The accompanying video demonstrates the following two key scenarios:
-
AI voice dialogue: through local or cloud‑based speech recognition, the system achieves natural language interaction with users, executing actions or providing feedback based on spoken commands.
-
Remote‑controlled mechanical motion: using a mobile phone or gamepad, users can remotely control the horse‑shaped robot’s walking, head turning, tail wagging, and other movements, showcasing the synergy of mechanical transmission and electronic control.
The stable performance of these two functions confirms the feasibility of the system architecture and lays a solid technical foundation for the subsequent development of course content.

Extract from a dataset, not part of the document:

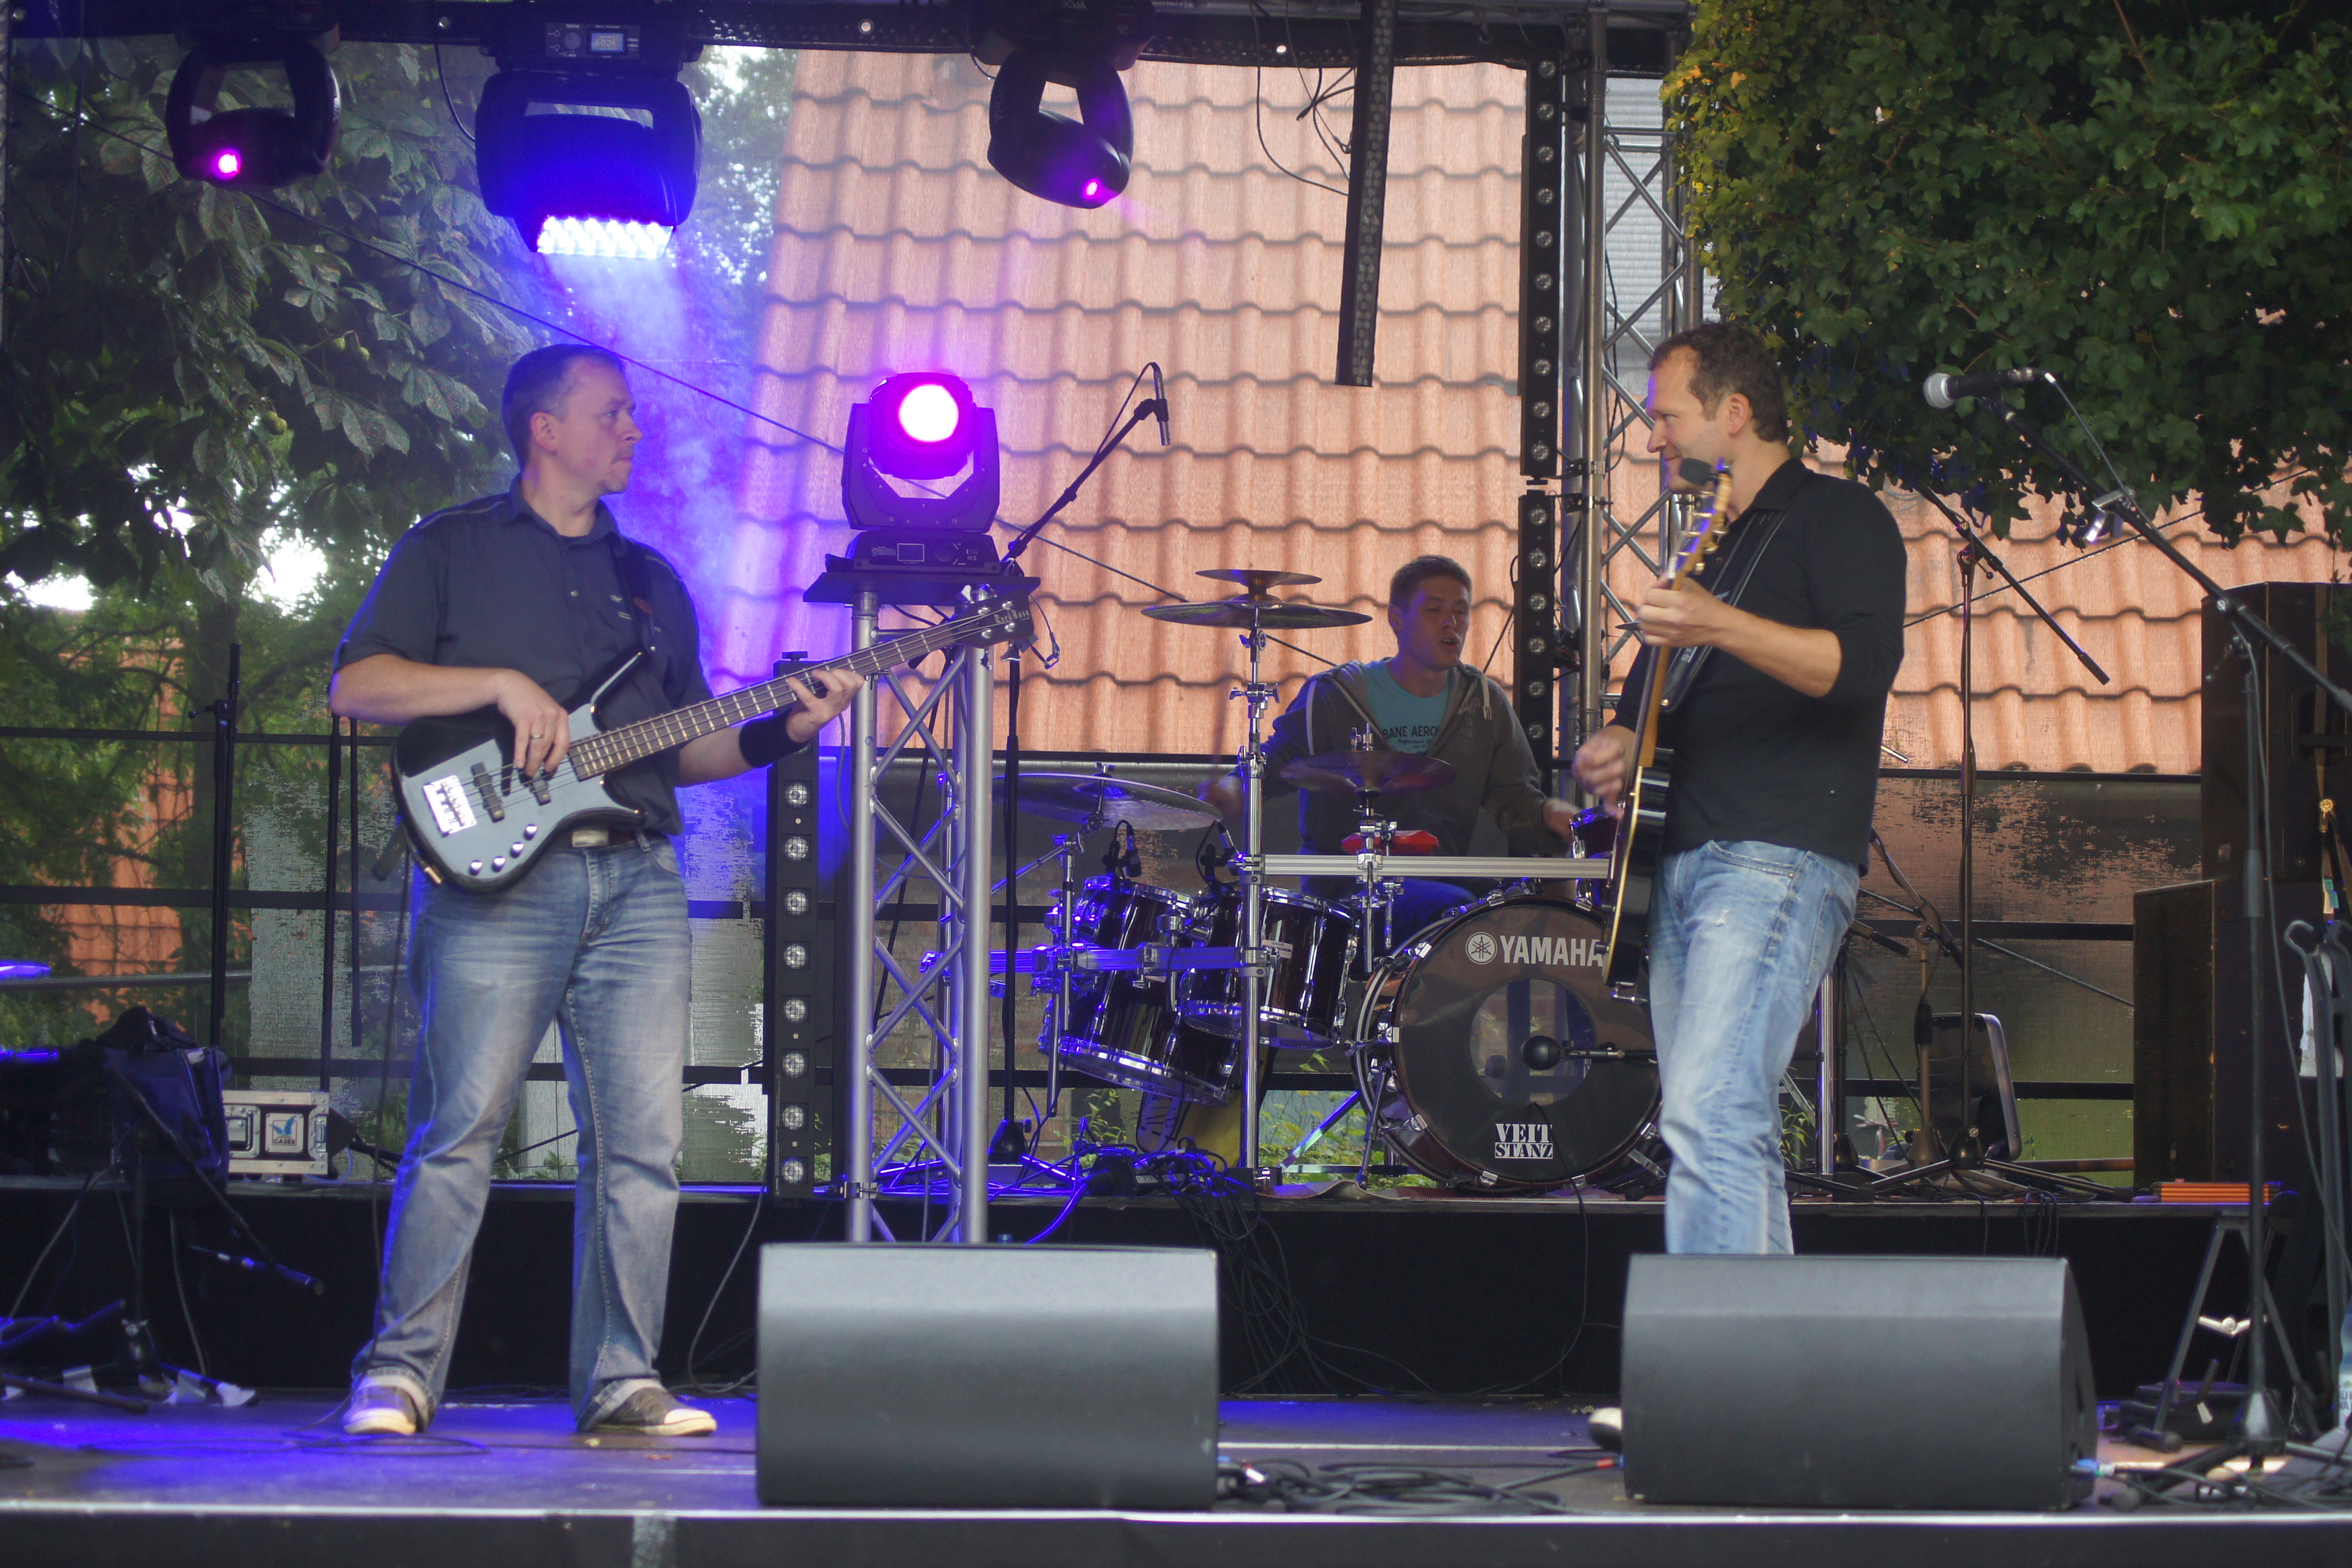 Stadtfest Gifhorn 21.8.2016

4. Scaling and Financial Sustainability Strategy
At this stage, the project is self‑financed by the individual, using equipment and materials provided by the host Fab Lab, without external capital. Therefore, we are not rushing to develop a full business plan. Instead, we adopt a “small steps, user‑co‑creation” strategy, prioritising the following tasks:
1. Small‑scale pilot (Phase 1)
-
Collaborate with teachers from 3–5 partner schools and expert makerspace educators for real classroom trials.
-
Collect feedback to validate the effectiveness of the teaching process, and refine hardware usability and software stability.
-
Goal: develop 10 structured lessons through real‑world teaching scenarios, each focusing on a specific topic (e.g., “Understanding Motor Drivers”, “Voice Command Programming”, “Sensor Feedback Loops”). Students should be able to follow the lessons to independently complete the entire exploration from assembly to programming, ultimately gaining an intuitive understanding of AI and mechanical control.
2. Manufacturing standardisation (in parallel with the pilot)
-
Complete small‑batch trial production (initially 10 complete kits), establishing standardised assembly procedures, a Bill of Materials (BOM), and testing specifications.
-
Ensure consistent quality and reproducibility for each unit, preparing for future larger‑scale production.

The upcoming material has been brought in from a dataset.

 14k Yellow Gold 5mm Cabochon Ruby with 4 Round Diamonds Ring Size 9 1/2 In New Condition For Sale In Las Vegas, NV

3. Funding pathways (medium‑term)
-
Self‑funding + grants: continue using personal resources while actively applying for small educational innovation grants (e.g., from local science and technology bureaus or education foundations).
-
Crowdfunding platforms (next stage): after the course content and product have matured, launch a campaign on platforms like Kickstarter (or domestic equivalents) to raise initial capital through pre‑sales of kits plus course packages, while simultaneously validating market demand.
4. Long‑term vision
If the pilot proves successful, we envisage a dual‑track model: an open‑source community edition (freely shared) and an institutional custom edition (offering teacher’s manuals, online training, and technical support for a fee). Revenue from custom services will sustain ongoing iteration, ensuring the project’s long‑term financial viability.
Conclusion:
From its inception, AI Horse BOOK has embraced openness, sharing, and education as its core values. By choosing permissive licenses for intellectual property and maintaining a prudent, pragmatic approach to commercialisation, we believe that through genuine user co‑creation and iterative testing, this project can truly serve as a bridge between young learners and AI, while also contributing a valuable reference to the global educational maker community.